Intellect and Religious Imagination

Anna Devere Smith is best known for powerful and provocative performances. She is perhaps less well known as an Episcopalian.

Smith has just begun a residency at Grace Cathedral in San Francisco centered on the theme of “grace.” The following exchange between Ms. Smith and the Very Reverend Jane Shaw, the Cathedral’s dean, was included in a February 10 article in the New York Times:

“I think people would be very surprised to hear you say that you’re Episcopalian.”

”What would they think I’d be?” Ms. Smith asked.

“You’re a smart person. Why would you be religious?” parried Dean Shaw, in her clipped British accent.

Ms. Smith, however, did not take the bait. Calling religion “an extraordinary act of imagination,” she likened the experience of working on a stage production to the rituals in a church.

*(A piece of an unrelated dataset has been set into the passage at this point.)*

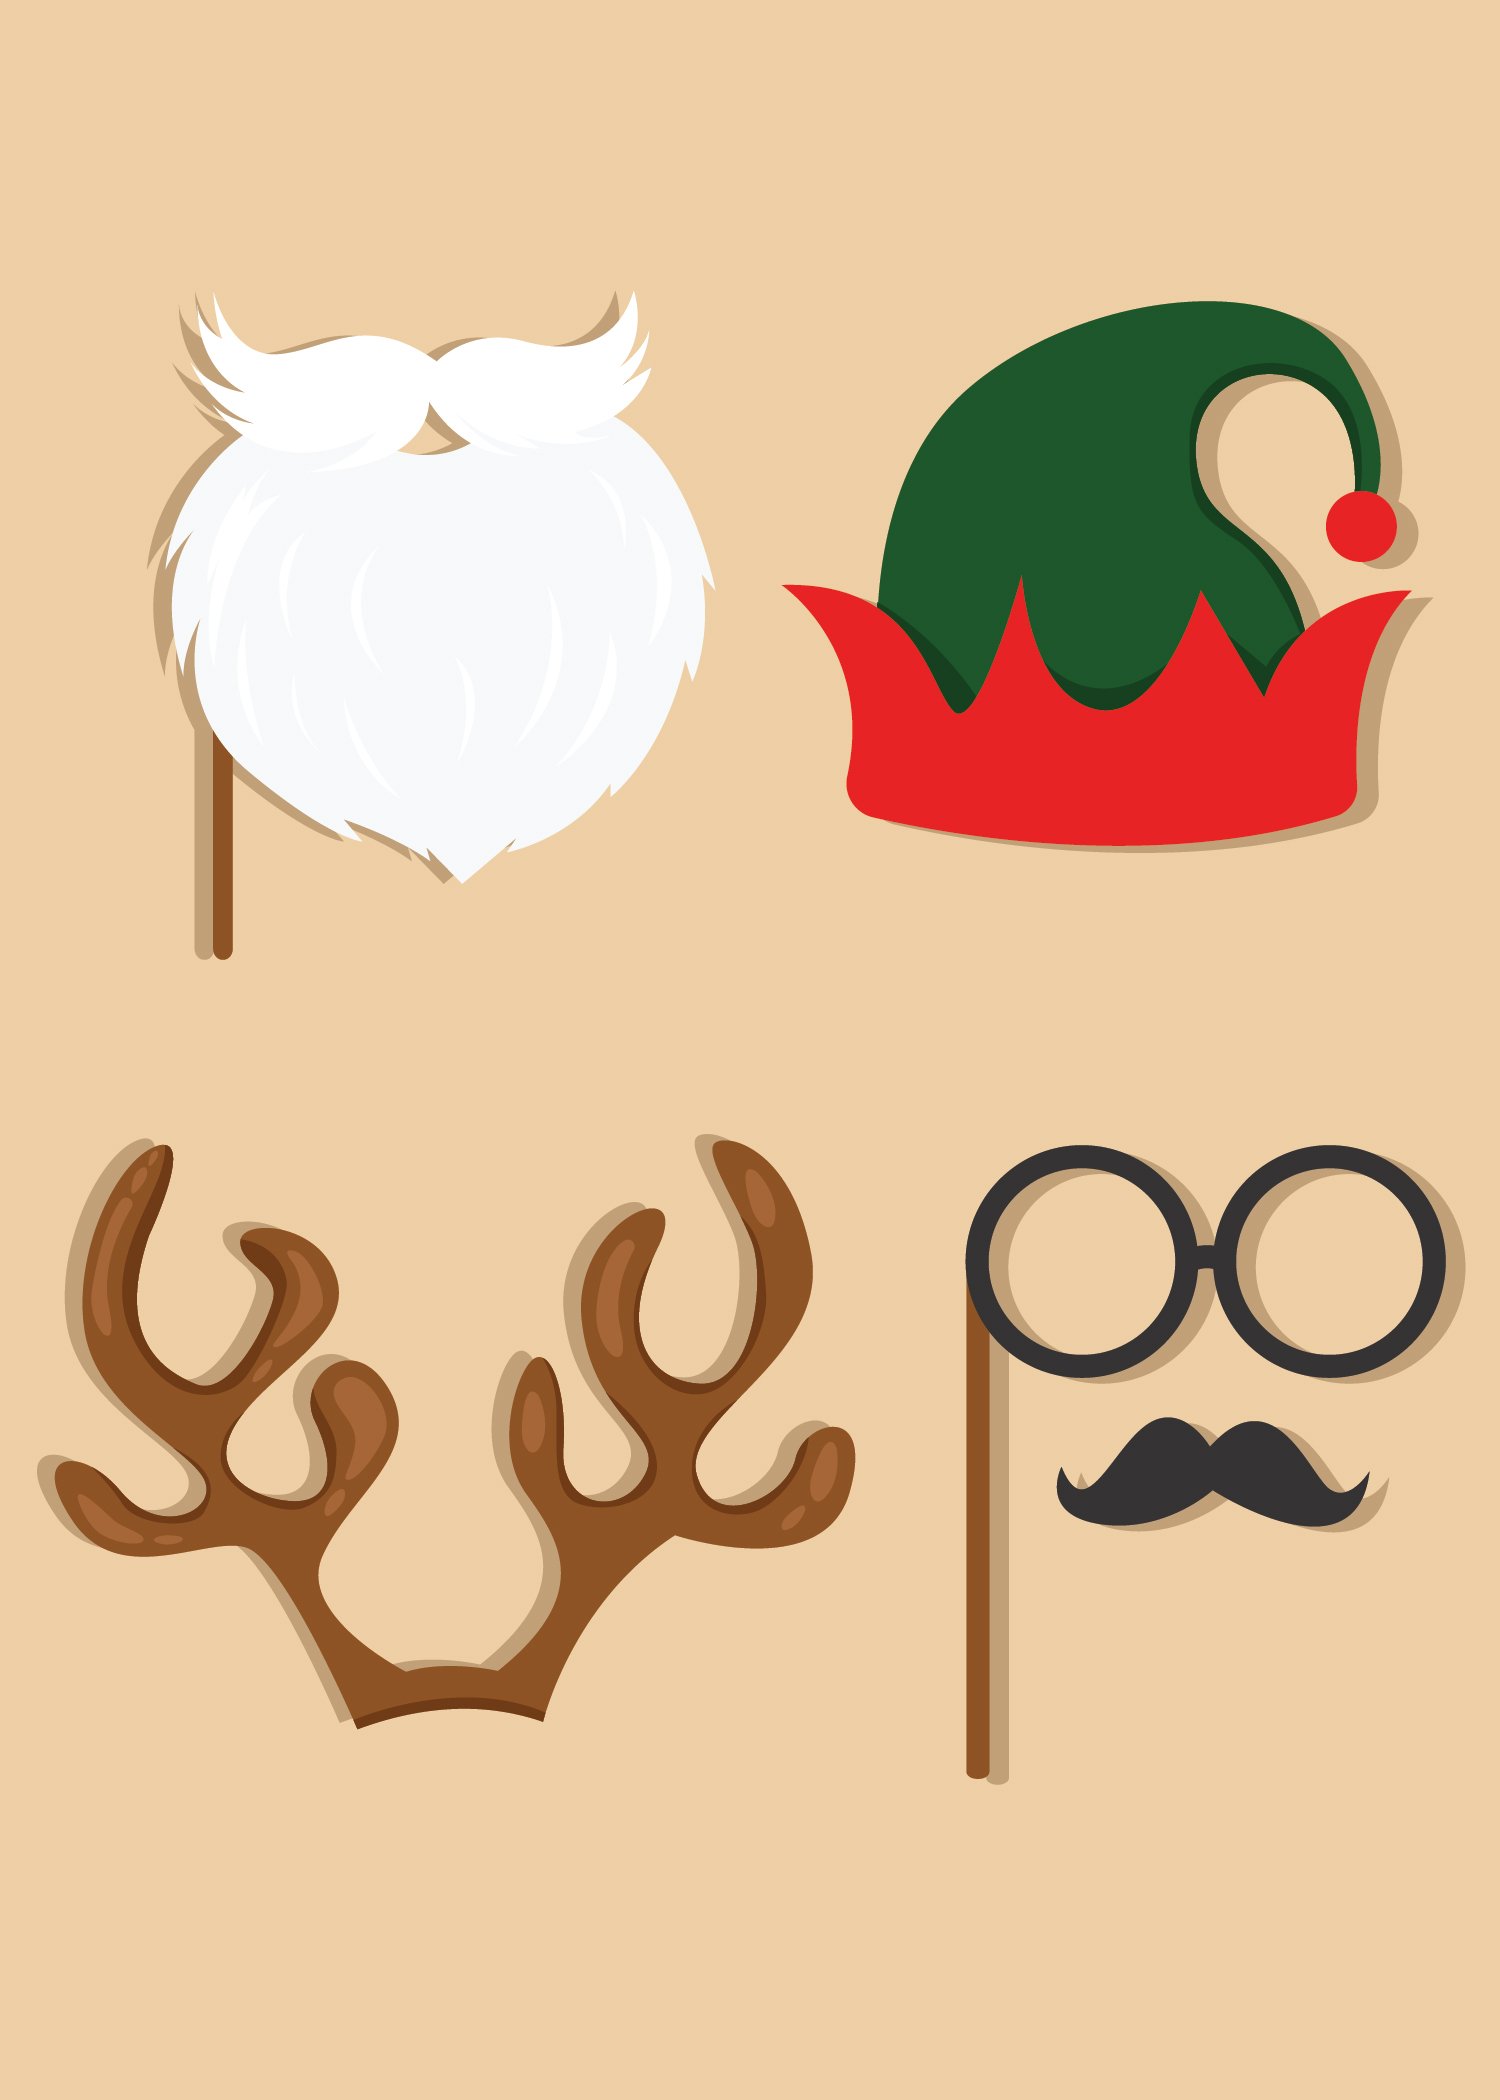 Free Christmas Photo Prop Template in Illustrator, PSD, EPS, SVG, JPG, PNG

I love this exchange. Dean Shaw captures a view held by many a liberal intellectual: that smart people are too smart to believe in religion; ergo those who are religious must not be very smart. Sadly, the current political discourse on religion continues to pit science, reason, and religion against one another.

But Anna Deavere Smith, a smart person indeed, refuses to buy into an intellect-or-religion dichotomy. On the contrary, in her description of religion as “an extraordinary act of imagination” the two become bound together; the intellect is not in conflict with religion but offers a way into some deeper understanding and expression of religious experience.

Priests, rabbis, theologians, and intellectuals of many faiths (and none at all) have long understood what Ms. Smith and Dean Shaw know well: that the intellect is essential to understanding religion and religious experience. This has been a hallmark of Anglicanism and the Episcopal Church for centuries.

The religious imagination and the power of the intellect. Episcopal schools are places where both matter and both can and should be explored, together, wherever they may lead.